Extreme nonlinear optics in optical fibers
Mario Ferraro, Bertrand Kibler, Pierre Béjot, Frédéric Gérome, Benoit Debord, Fetah Benabid, Fabio Mangini, Stefan Wabnitz
TL;DR
This review surveys extreme nonlinear optics in optical fibers, detailing MPI-driven material modification, plasma dynamics, filamentation, and rainbow spiral emission in multimode and hollow-core fibers. It highlights space-time wavepackets and MM-UPPE modeling as tools to understand and design ultrabroadband frequency conversion near self-focusing, with experimental demonstrations of discretized conical waves and optimized supercontinua. The hollow-core photonic crystal fiber platform emerges as a versatile bridge to gas-phase nonlinearities, enabling SRS, SC across UV-to-mid-IR, ultrashort pulse compression, high-harmonic generation, guided plasma formation, and nonclassical light generation. The article outlines a forward-looking agenda toward spatiotemporal helicon waves, ultrafast pulse propagation, mid-IR to vacuum-UV continua, and fiber technologies that can impact telecommunications, sensing, and quantum science.
Abstract
This paper reviews the field of extreme nonlinear optics in optical fibers, highlighting key phenomena and advancements. It discusses multiple ionization effects caused by femtosecond laser pulses that generate plasma and induce permanent material modifications, as well as plasma luminescence and its dependence on material imperfections. The formation and dynamics of plasma filaments, including helical structures, are explored, along with the rainbow spiral emission pattern useful in communications and particle manipulation.

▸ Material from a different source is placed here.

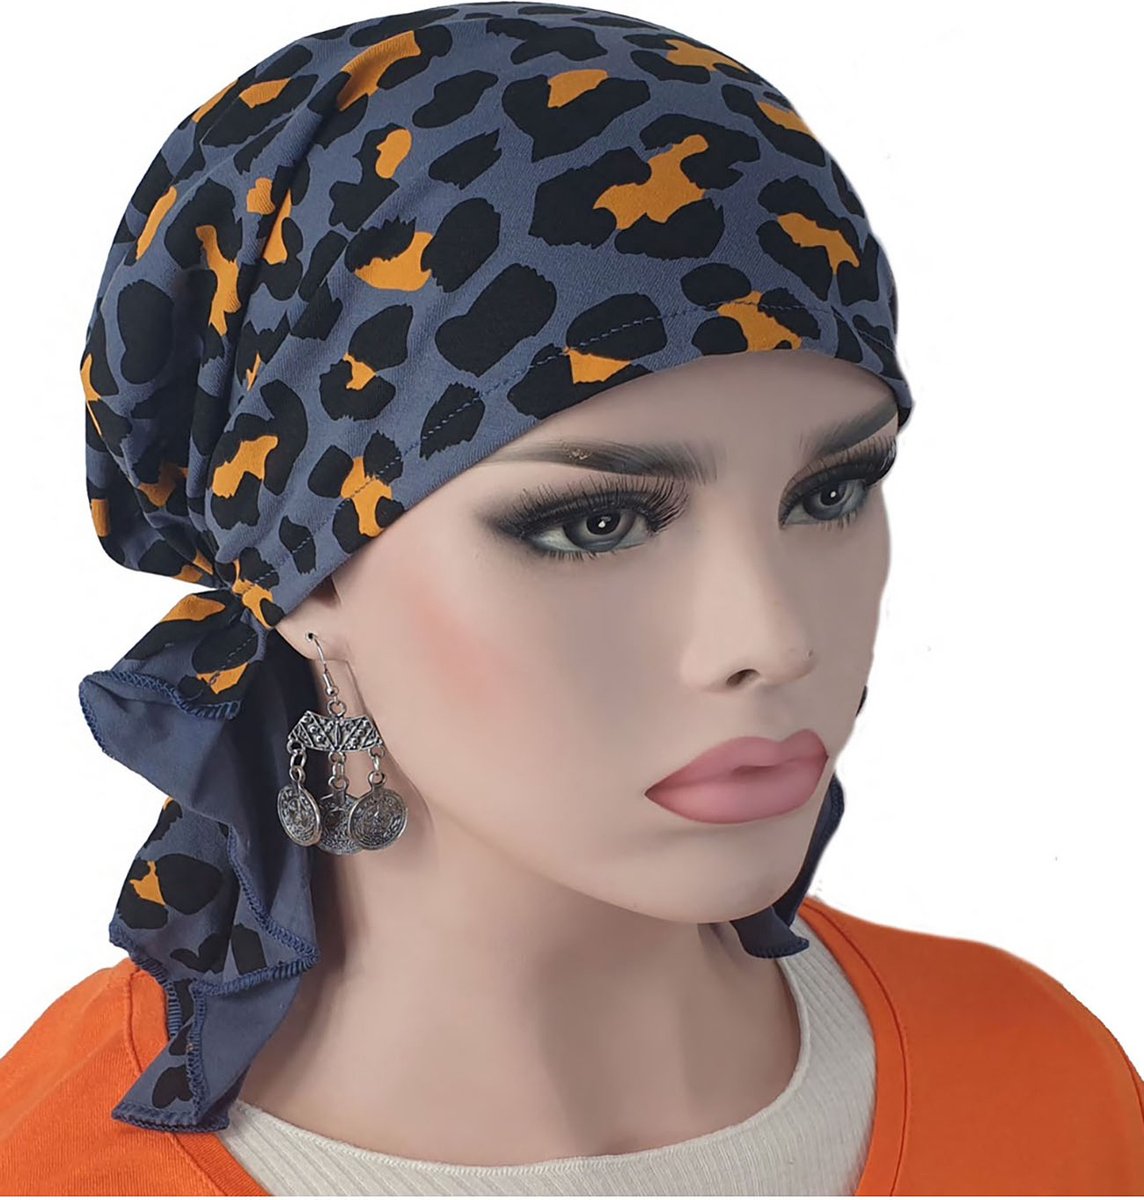 Bandana chemomuts hoofddoek voor haarverlies luipaard print grijsblauw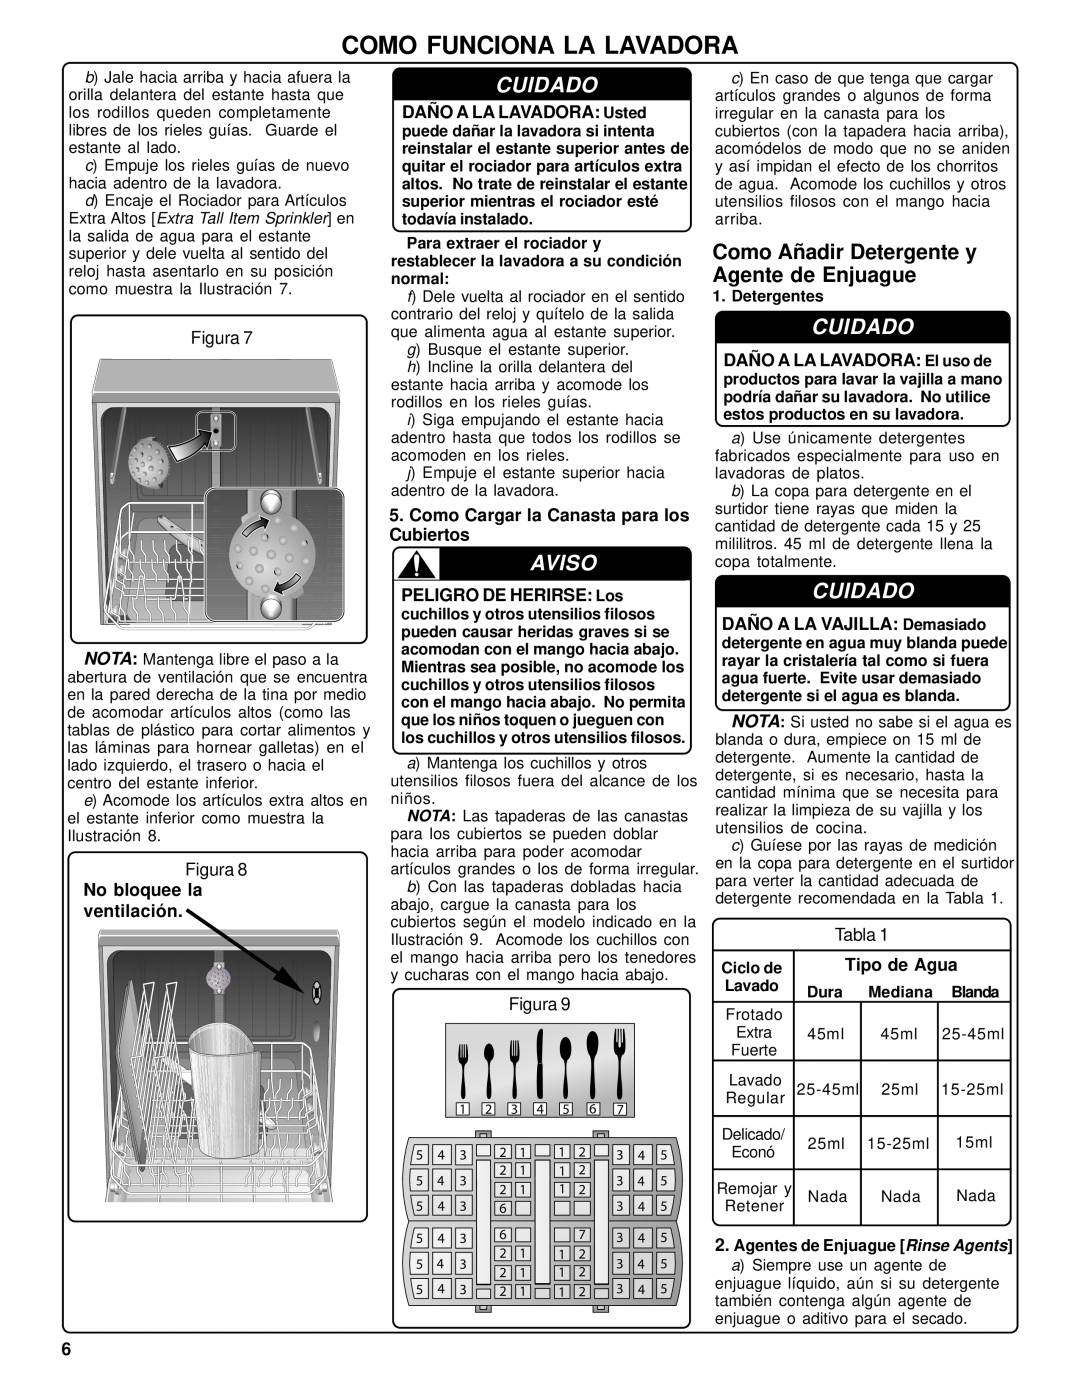 Bosch Appliances SHU42L Como Funciona La Lavadora, Cuidado, Aviso, No bloquee la ventilación, Tipo de Agua, Detergentes

The review covers the generation of spatial-temporal waves, supercontinuum broadening, and advanced modeling techniques, such as multimode unidirectional pulse propagation equations for describing optical pulse evolution. Experimental demonstrations involving discretized conical waves and supercontinuum generation optimization are detailed. The paper emphasizes the unique capabilities of photonic crystal fibers, especially hollow-core variants, in achieving broad supercontinua and Raman frequency combs, ultrashort pulse compression, high-harmonic generation, plasma formation, and nonclassical light production. Our outlook highlights ongoing research into spatiotemporal helicon waves, ultrashort pulse propagation, vacuum ultraviolet and mid-infrared supercontinuum generation, and innovative fiber technologies. Future directions focus on enhancing fiber performance, understanding multimodal wave dynamics, and expanding applications in telecommunications, sensing, and quantum science.